Course

# Mechanics

Faculty
Science & Technology
Department
Physics
Course Code
PHYS 1110
Credits
5.00
Semester Length
15 weeks
Max Class Size
36
Method(s) Of Instruction
Lecture
Lab
Course Designation
None
Industry Designation
None
Typically Offered
Fall
Winter

## Overview

Course Description
This course is a calculus-based physics course intended for students pursuing further studies in engineering, physics, or other physical sciences. Topics covered in this course include linear kinematics and dynamics, energy, momentum, rotational motion, angular momentum, simple harmonic motion, heat, thermodynamics, and heat engines. This course includes a weekly lab.
Course Content

Math Tools

• SI units
• dimensional analysis
• vectors and scalars
• vector components and unit vectors
• vector addition, subtraction, and multiplication
• cross product and dot product
• derivatives and antiderivatives

Kinematics

• position, displacement, velocity, and acceleration
• motion plots
• 1D, 2D, and 3D motion under constant and time-dependant accelerations
• relative motion in 1D and 2D
• free fall motion
• projectile motion

Dynamics

• Newton’s laws in 1D and 2D with constant and time-dependant forces
• Hooke’s law
• static and kinetic friction forces
• gravitational force
• tension force
• inertial and non-inertial reference frames
• centripetal force and circular motion

Energy

• work and power as dot products
• work done by constant and variable forces
• conservative and non-conservative forces
• work-energy theorem
• kinetic and potential energy
• conservation of energy

Momentum

• centre of mass and systems of particles
• impulse and momentum
• conservation of momentum
• elastic and inelastic collisions in 1D and 2D

Rotational Motion

• angular position, angular displacement, rotation angle
• angular velocity, angular acceleration
• rotational kinematics and dynamics
• torque as a cross-product
• moment of inertia
• parallel axis theorem
• rotational kinetic energy
• rotational work
• massive pulleys
• conditions for equilibrium

Angular Momentum

• angular momentum of a point particle and rigid body
• conservation of angular momentum and inelastic collisions

Simple Harmonic Motion (SHM)

• angular frequency, oscillation period, amplitude
• position, velocity, and acceleration equations
• mass-spring systems
• simple pendulums and physical pendulums
• energy in SHM

Heat and Thermodynamics

• heat and temperature
• zeroth law of thermodynamics
• specific heat and heat capacity
• first law of thermodynamics
• ideal gas law
• internal energy
• PV diagrams
• work done during a thermodynamic process
• heat engines

Lab Experiments (may include)

• measurement skills
• graphing straight line motion
• accelerated motion in 1D
• projectile motion
• friction
• static equilibrium
• orbital motion and centripetal force
• conservation of energy
• collisions and linear momentum
• moment of inertia
• Hooke’s Law and simple harmonic motion
• ideal gas law
• heat capacity
Learning Activities

Classroom time will be used for lectures, demonstrations, discussions, problem solving practice, and/or in-class assignments (which may include work in groups).

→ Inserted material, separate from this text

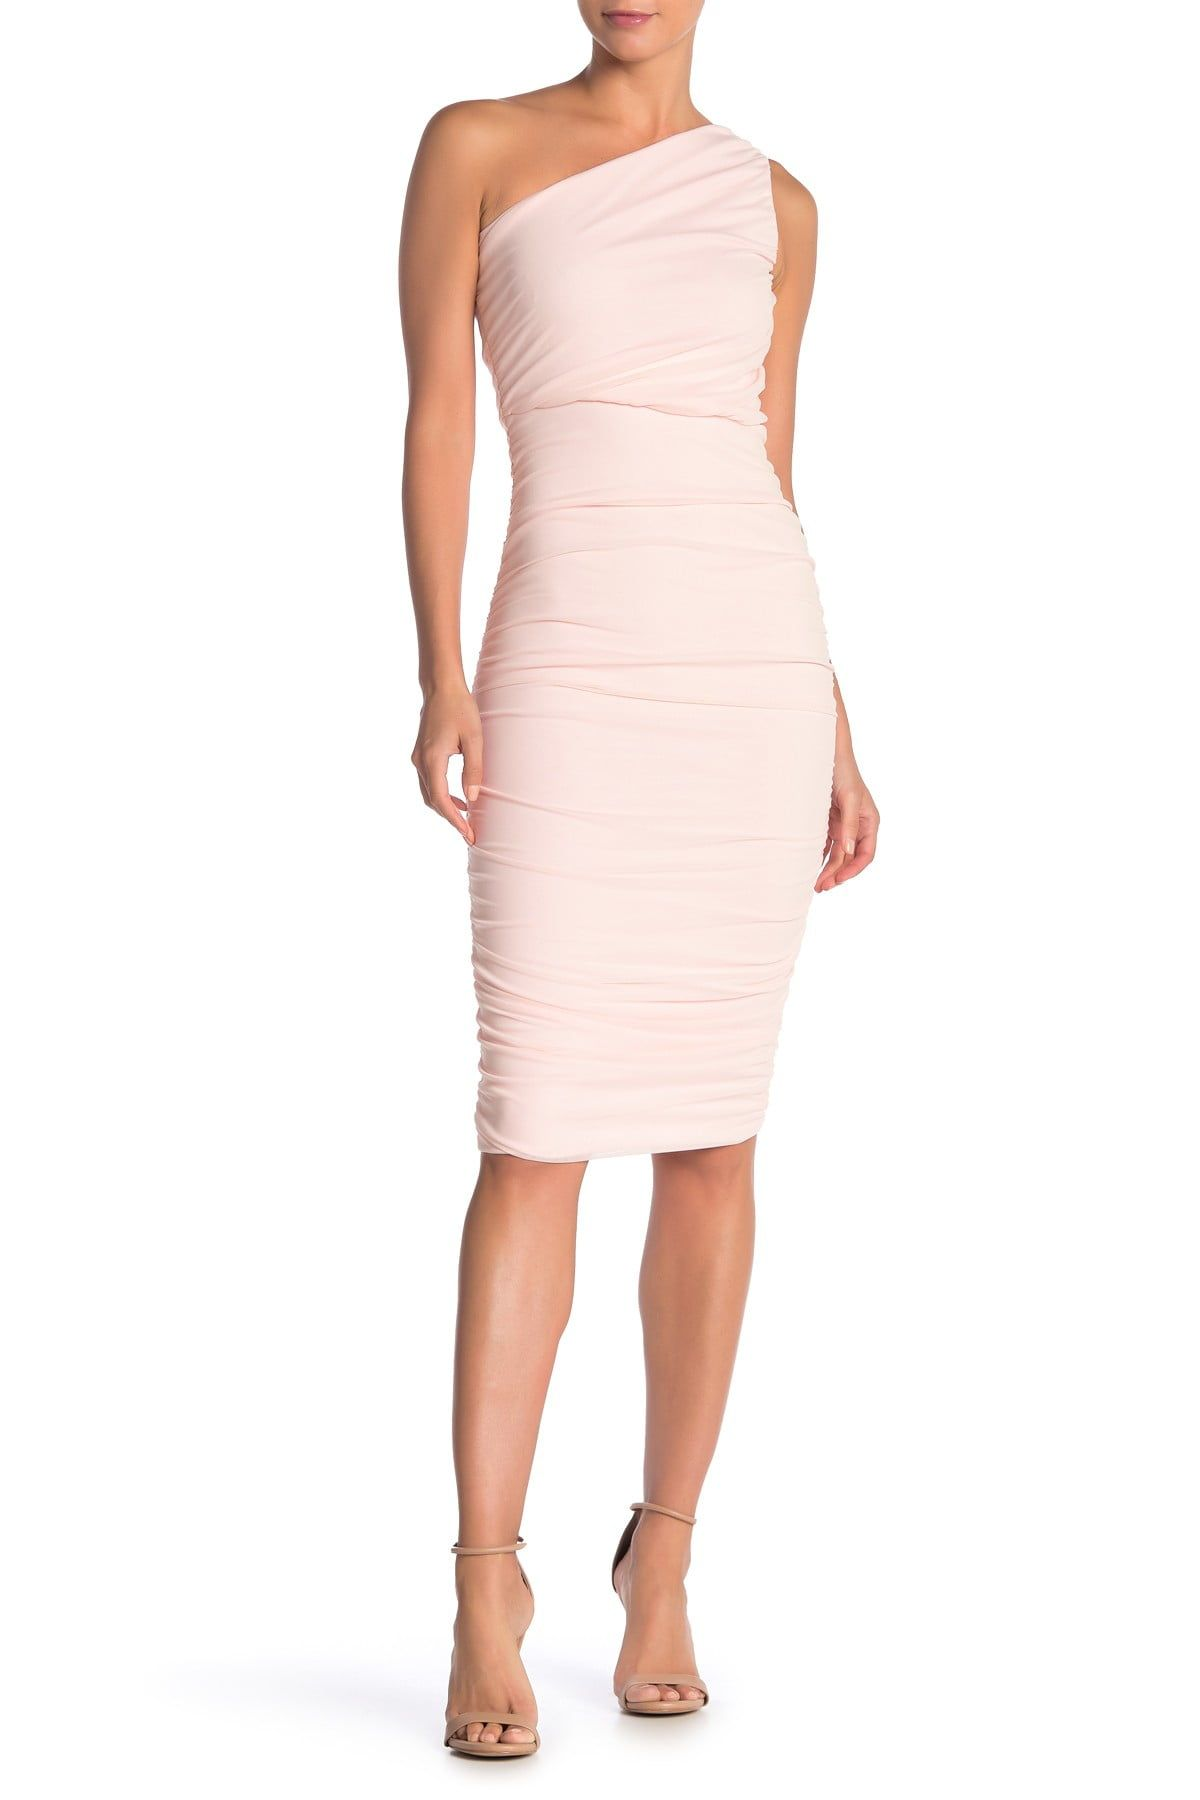 Love By Design Ruched One Shoulder Midi Dress Nordstrom Rack Blush Cocktail Dress One Shoulder Midi Dress Pink Cocktail Dress [ 1800 x 1200 Pixel ]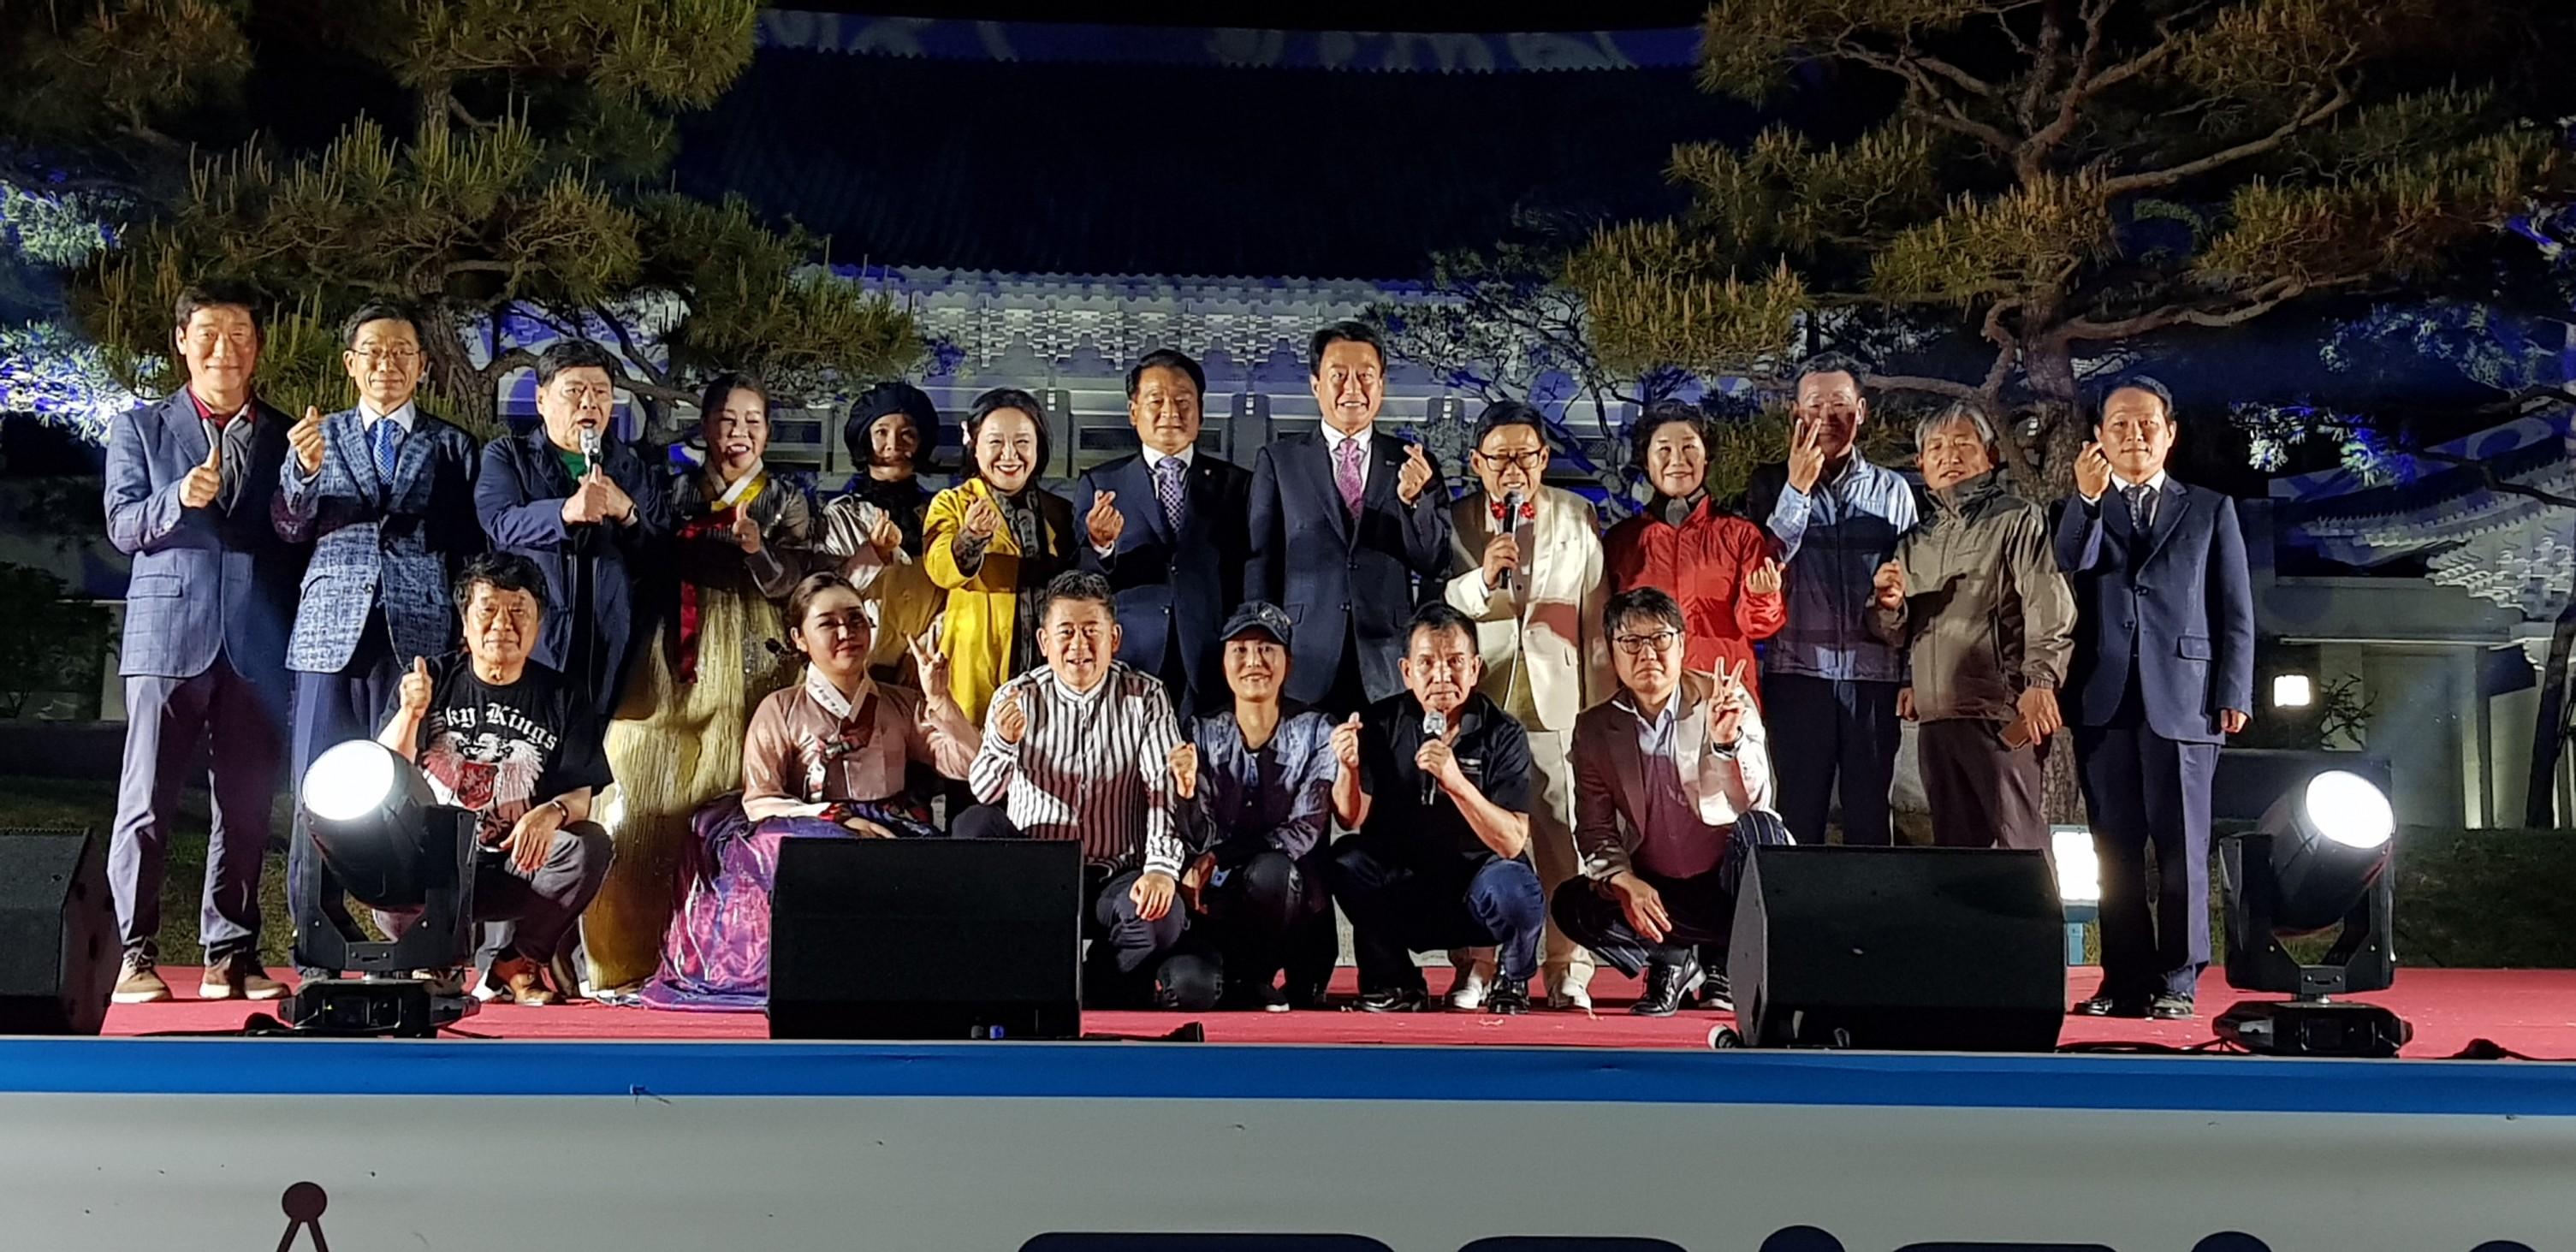 정말 멋진 청와대 세트장 앞 광장에서  공연하였습니다..수고 많으셨어요.^^

The lab part of this course involves a weekly three-hour session during which students will perform experiments related to the course content to build practical experimental and data analysis skills. Some of these experiments may span more than one week. Work outside of class time may include online assignments.

Means of Assessment

Assessment will be in accordance with the Douglas College Evaluation Policy. The instructor will present a written course outline with specific evaluation criteria at the beginning of the semester. Evaluation will be based on the following:

 Quizzes and Assignments 10-30% Tests (minimum of two) 20-40% Lab Reports and Quizzes 20% Final Exam 25-40% Total 100%
Learning Outcomes

Upon completion of the course, successful students will be able to:

• apply dimensional analysis to deduce the form of an equation and to check an equation for dimensional consistency;
• use vector components, unit vector notation, and vector algebra to solve problems that involve vector quantities related to forces and motion in 2D and 3D;
• use the dot product or cross product to calculate physical quantities such as: work, power, torque, and angular momentum;
• use derivatives and antiderivatives to solve problems involving topics and concepts such as: kinematics, work, power, force, potential energy, torque, impulse, and PV diagrams;
• interpret graphs of position, velocity, and acceleration as functions of time;
• solve 1D, 2D, and 3D kinematics problems with constant and time-dependant accelerations;
• analyze problems that involve relative motion in 1D and 2D;
• apply Newton’s laws to solve problems in 1D and 2D that involve constant and time-dependant forces acting on objects;
• distinguish between inertial and non-inertial reference frames;
• solve problems that involve objects undergoing circular motion;
• calculate the work done and power expended by a force acting on a moving body;
• apply the law of conservation of energy and/or the work-energy theorem to solve problems that involve forces acting on objects;
• apply the law of conservation of momentum to solve problems that involve collisions or explosions in 1D and 2D;
• define and determine the center of mass for a system of particles and solve problems that involve forces acting on the system;
• use the parallel axis theorem to determine the moment of inertia of a rigid body about a specified axis;
• solve problems that involve forces and torques acting on objects that can translate and rotate (for example, rolling objects or massive pulleys) using the rotational analogue of Newton’s second law and/or conservation of energy;
• apply the law of conservation of angular momentum to solve problems that involve rotating bodies and inelastic collisions;
• solve problems that involve simple harmonic motion such as: mass-spring systems, simple pendulums, and physical pendulums;
• solve problems that involve heat transfer and thermal equilibrium;
• calculate the internal energy of a system given the state variables;
• apply the first law of thermodynamics to systems undergoing a change of state variables;
• distinguish between the following thermodynamic processes, and sketch them on a PV diagram: isobaric, isochoric, isothermal, and adiabatic;
• calculate the work done on or by a system during a single thermodynamic process and/or a cyclical process;
• explain how heat engines produce mechanical work, and calculate the work done by and the efficiency of a heat engine;
• state and discuss the precision and accuracy of measurements;
• determine the uncertainty on a quantity calculated from measured values by propagating uncertainty through a calculation;
• present data using computer generated plots and determine physical quantities using linear and non-linear regressions;
• discuss the outcome of an experiment in order to provide appropriate context for the results;
• communicate details of an experiment (for example, the objective, data, calculations, discussion, and conclusion) in a written report.
Textbook Materials

Consult the Douglas College Bookstore for the latest required textbooks and materials. Example textbooks and materials may include:

Moebs, Ling, and Sanny, Open Stax, University Physics (current edition)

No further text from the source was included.